- Won by: New South Wales (13th title)
- Series margin: 2-1
- Points scored: 26-44
- Attendance: 185,687 (ave. 61,896 per match)
- Player of the series: Paul Gallen
- Top points scorer(s): Johnathan Thurston – 16
- Top try scorer(s): Darius Boyd – 3

= 2014 State of Origin series =

Australian rugby league series

The 2014 State of Origin series was the 33rd time the annual best-of-three series between the Queensland and New South Wales rugby league teams has been played entirely under 'state of origin' rules (1980 and 1981 were only 1 game series). It is the second series to be administered by the Australian Rugby League Commission which was created in a major restructure of the sport's administration in Australia.

Originally, New South Wales were to host two home matches this year, however the ARLC Commission announced in November 2012 a new five-year cycle which would see Queensland instead host two home matches this year, as well as in 2017, the Blues to host two home matches in 2016 and the remaining match in 2015 to be hosted at a neutral venue (later named to be the 100,024 capacity Melbourne Cricket Ground).

Former Canberra, Queensland and Australian captain Mal Meninga remained as coach of the Queensland side, having won all eight previous editions dating back to 2006. New South Wales were coached by former Canberra, NSW and Australia captain Laurie Daley for a second consecutive year.

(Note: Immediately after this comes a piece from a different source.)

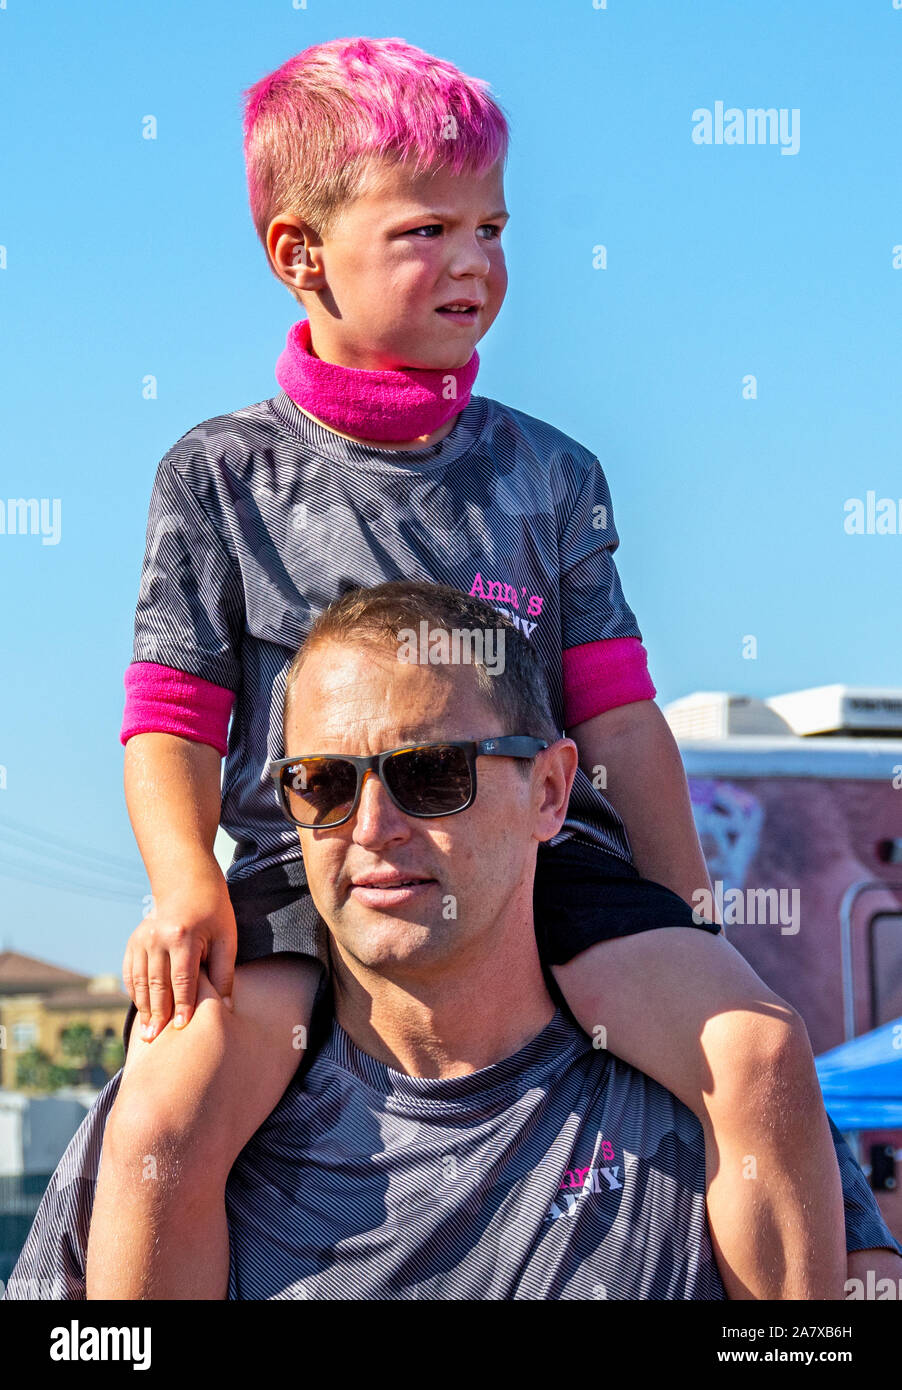 Anaheim, Californie / USA - Nov 3, 2019 : d'un mignon, jeune garçon aux cheveux rose l'assise sur les épaules de son père à la FRDJ 2019 Un marche. Banque D'Images

Consecutive victories over Queensland in the first and second games with respective scores of 12–8 and 6–4 have enabled New South Wales to finally conclude their opposition's eight year domination of uninterrupted Origin series victories. Additionally, with the exception of Luke Lewis, every player to have so far featured in this year's New South Wales squad have achieved their first ever series win. The Blues had the chance to record their first series clean sweep since 2000, however the Maroons won the final game 32-8 to reduce the final series margin to 2-1 in New South Wales' favour.

==Game I==
Breaking usual tradition, the Queensland squad was announced before New South Wales. Changes to the team were largely minor with Matt Gillett earning his first promotion to the starting side to replace the injured Sam Thaiday in the second-row whilst Aidan Guerra from the Sydney Roosters makes his debut from the bench. The halves combination for New South Wales were once again modified, with Canterbury-Bankstown Bulldogs pairing Josh Reynolds and Trent Hodkinson (making his debut) replacing the Roosters and incumbent halves pairing of James Maloney and Mitchell Pearce. Pearce, who played in every game as halfback since the second match of the 2010 series and held the record for consecutive matches in the position, was omitted largely due to him being arrested at a Kings Cross nightclub for drunken misbehaviour. After missing out from the second and third games from last year due to injury, Jarryd Hayne returned to the side to reclaim his fullback role over Josh Dugan. Daniel Tupou will be the second debutant in the side to partner his Roosters team mate Michael Jennings on the left edge, with Brett Morris switching to the other side to be alongside his twin brother Josh. Beau Scott was recalled into the side in the starting second-row after being overlooked from last year's series. Joining the bench, fellow forward Tony Williams was also recalled due to improved form and likely combinations with his club team mate halves. Notable forced omissions from the squad were Greg Bird (suspension), Andrew Fifita (injury) and Boyd Cordner (injury).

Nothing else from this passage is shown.